A confusion in the Derivation of Lorentz Transformation 
My doubt is in the equation (1) and (2). Aren't x,y and z also the radiuses?
EDIT
Thank you guys for trying to give a wonderful explanation but I figured out the answer myself and it was just my silly interpretation. I thought the the value of ct on x axis would be equal to ct and forgot that the value is given by a perpendicular and not an arc (of the sphere). I was thinking that where the sphere touches x axis, that is the value of ct but it isn't. The value of ct for x is given by a point on the axis that lies perpendicular to the axis.
 A: Think of the coordinates as a single object: $\mathbf{x}=\left(x,\,y,\,z\right)$. 
A point $P$ located at $\mathbf{P}=\left(a,\,b,\,c\right)$ would look like this:

Now what is the distance from the origin ($\mathbf{x}=(0,\,0,\,0)$) and $\mathbf{P}$? For this we need to use the Pythagorean theorem: the square of the diagonal is equal to the sum of the squares of the sides (e.g., $d^2=x^2+y^2+z^2$). In 2 dimensions, this is done by

$$a^2+b^2=c^2 \leftrightarrow x^2+y^2=r^2$$
But if we wanted to find the distance from some point that isn't the origin, we use
$$r^2=\left(x-x_0\right)^2+\left(y-y_0\right)^2$$
where $x,\,y$ are the positions of the point and $x_0,\,y_0$ the reference position. In the subsequent discussion, $x_0=y_0=0$.
In 3D, we can actually do the above 2D slice twice. Solve for $r$ in the $x$-$y$ plane and then solve for $d$ in the $r$-$z$ plane (using $x=a$, $y=b$, and $z=c$):
$$
r^2=a^2+b^2\to r=\sqrt{a^2+b^2}
$$
$$
d^2=r^2+c^2\to d^2=\left(\sqrt{a^2+b^2}\right)^2+c^2=a^2+b^2+c^2
$$
We could also have done this in the $y$-$z$ plane first:
$$
r^2=b^2+c^2\to r=\sqrt{b^2+c^2}
\\
d^2=r^2+a^2\to d^2=\left(\sqrt{b^2+c^2}\right)^2+a^2=a^2+b^2+c^2
$$
so clearly the ordering of it doesn't matter, we get $d=\sqrt{a^2+b^2+c^2}$ as the distance from the origin to the point $P$ when doing it both ways.
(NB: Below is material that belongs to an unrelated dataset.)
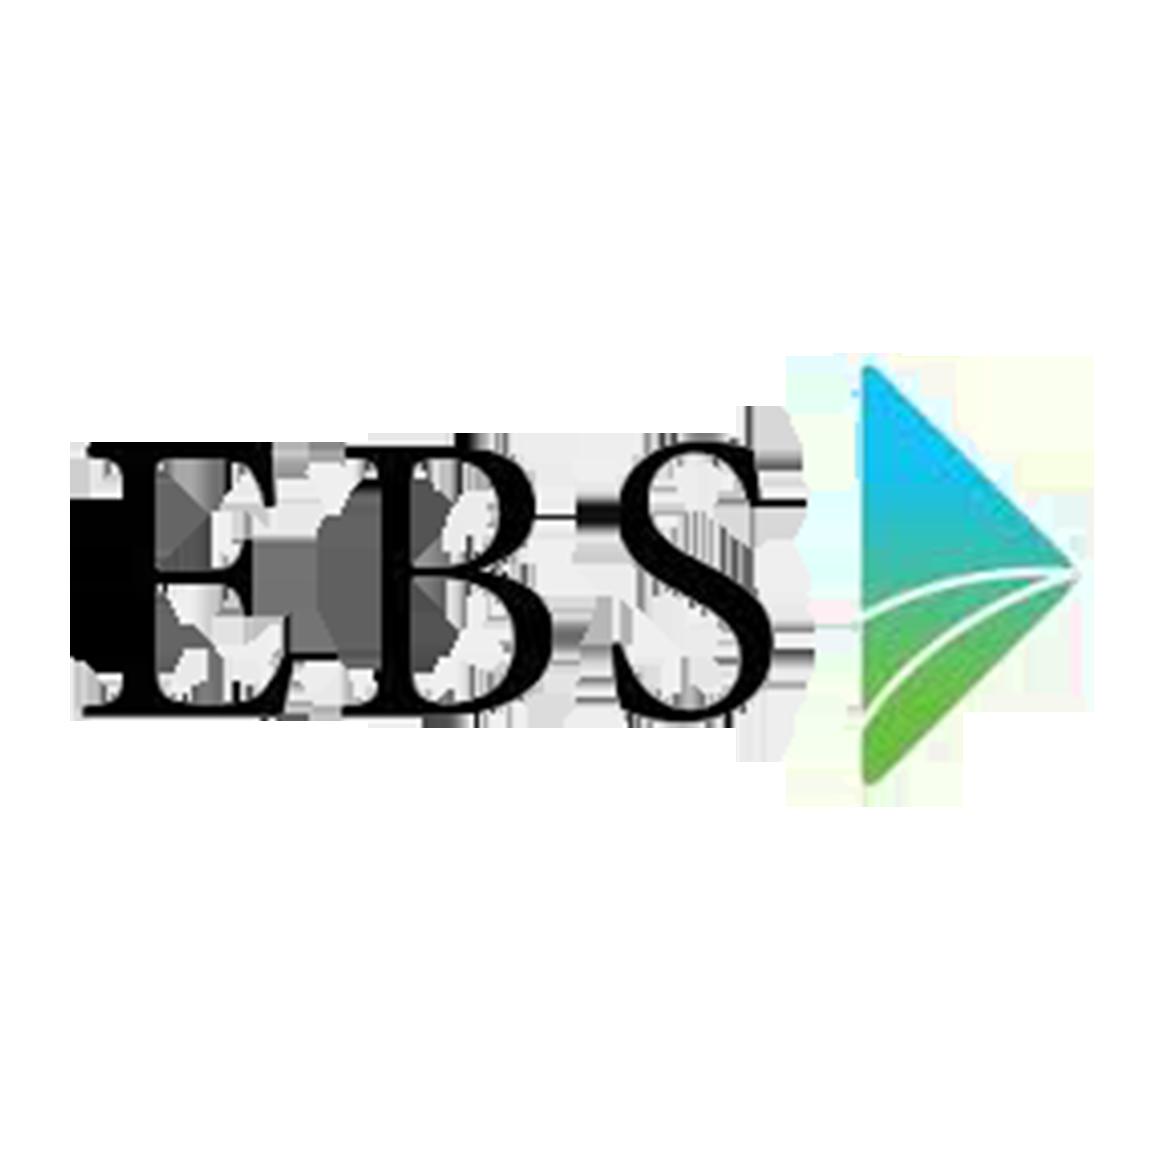 Ebs kinder dagkaartje waterlanddagkaart ebs for Ebs rotterdam
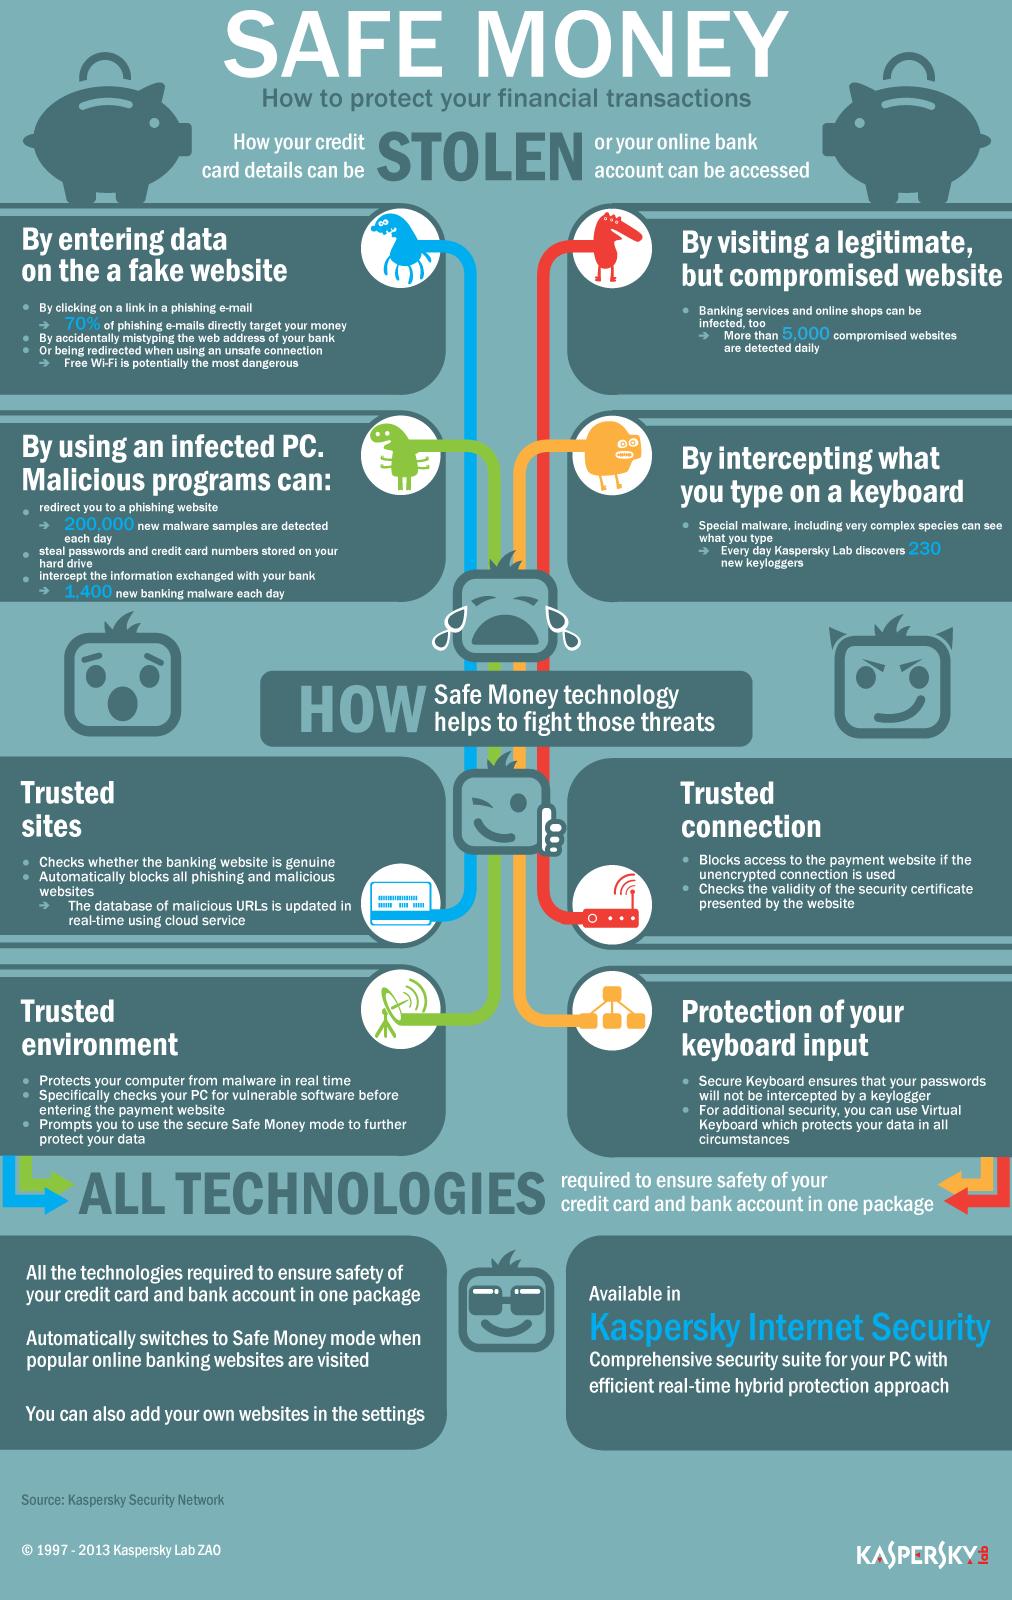 Kaspersky's Safe Money: Secure Your Online Transactions #infographic

Next, what happens if we let $y=b\to y=-b$? Since we take the square of $y$, we get $y^2=\left(-b\right)^2=+b^2$ which doesn't change anything, our distance is still $d=\sqrt{a^2+b^2+c^2}$. The same thing happens if we swap the other values for their negatives. That means that there are at least 8 points $P$ that have identical distances from the origin.
Let's try using some values, just to get an idea here. Suppose we let $\mathbf{P}=\left(1,2,2\right)$. The distance $d$ is then
$$d=\sqrt{1^2+2^2+2^2}=\sqrt{1+4+4}=\sqrt{9}=3$$
If we consider a sphere with constant radius (i.e., $d$ does not change), then if we change $x=1\to x=0$ we must have that 
$$\sqrt{y^2+z^2}=3$$
 Obviously $y=z=3=d$ is not a solution because 
$$\sqrt{3^2+3^2}=\sqrt{9+9}=\sqrt{18}>4>d$$
Equally as well, $x=y=z=3=d$ is not a valid solution because
$$\sqrt{3^2+3^2+3^2}=\sqrt{9+9+9}=\sqrt{27}>5>d$$
So clearly $x,\,y,\,z$ are not also the radius. Individually, the values could be the radius, but that would require the other two values being zero:
$$\sqrt{3^2+0^2+0^2}=\sqrt{9+0+0}=\sqrt{9}=3=d$$
A: The radius is the distance from the origin to any point on the sphere at time ct. If you measure this distance along the $x$ axis then the radius vector is $(ct, 0, 0)$. Likewise, measured along the $y$ axis the radius vector would be $(0, ct, 0)$ and along the $z$ axis it would be $(0, 0, ct)$. However if you measure to some point that doesn't lie on any of the three axes the radius vector would be $(x, y, z)$ where the three numbers $x$, $y$ and $z$ are related by:
$$x^2 + y^2 + z^2 = (ct)^2 $$